Karolis Babkauskas

Personal information
- Born: 18 March 1991 (age 35) Kaišiadorys, Lithuania
- Listed height: 6 ft 1 in (1.85 m)
- Listed weight: 155 lb (70 kg)

Career information
- NBA draft: 2013: undrafted
- Playing career: 2010–2024
- Position: Point guard / shooting guard

Career history
- 2010–2013: BC Lietkabelis
- 2013–2014: LSU-Atletas
- 2014–2015: BC Šiauliai
- 2015–2016: Dinamo București
- 2016–2017: BC Pieno Žvaigždės
- 2017: BC Vytis
- 2018-2019: RSV Eintracht Stahnsdorf
- 2019–2020: BC Tauragė
- 2020-2021: TKS 49ers
- 2021-2023: KK Atletas
- 2023: CSA Steaua București
- 2023-2024: BC Šilutė

Career highlights
- Lithuanian League assists leader (2014);

= Karolis Babkauskas =

Lithuanian basketball player (born 1991)

Karolis Babkauskas (born 18 March 1991) is a Lithuanian former professional basketball player. He participated in the 2012 LKL Three–point Shootout, finishing in fourth place.

== Early life ==
When he was 17, Babkauskas played for Zalgiris Kaunas' junior team.

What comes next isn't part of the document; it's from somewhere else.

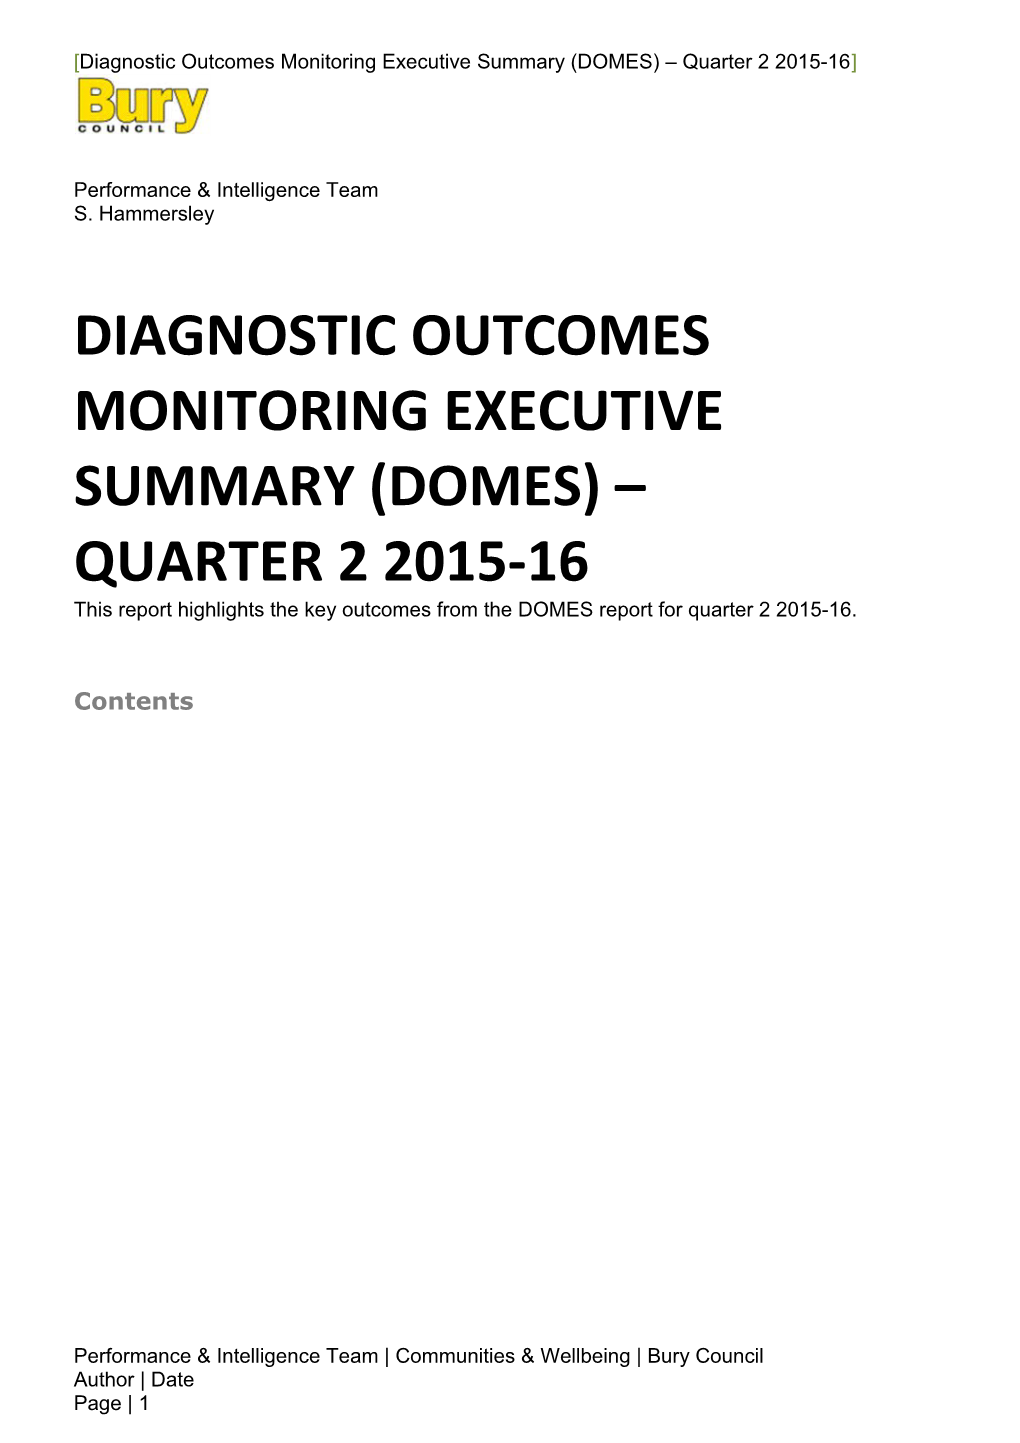 Diagnostic Outcomes Monitoring Executive Summary (DOMES) Quarter 2 2015-16

In the group stage of the Nike International Junior Tournament qualifiers, he scored 16 points in a win over the Stella Azzura. They finished fourth in that tournament, losing to Virtus Bologna in the battle for third place. He also played for them in the 2008–09 season of the National Basketball League (NKL). They were one of the teams at the bottom of the standings that season. The following season, they just missed out on the top 12.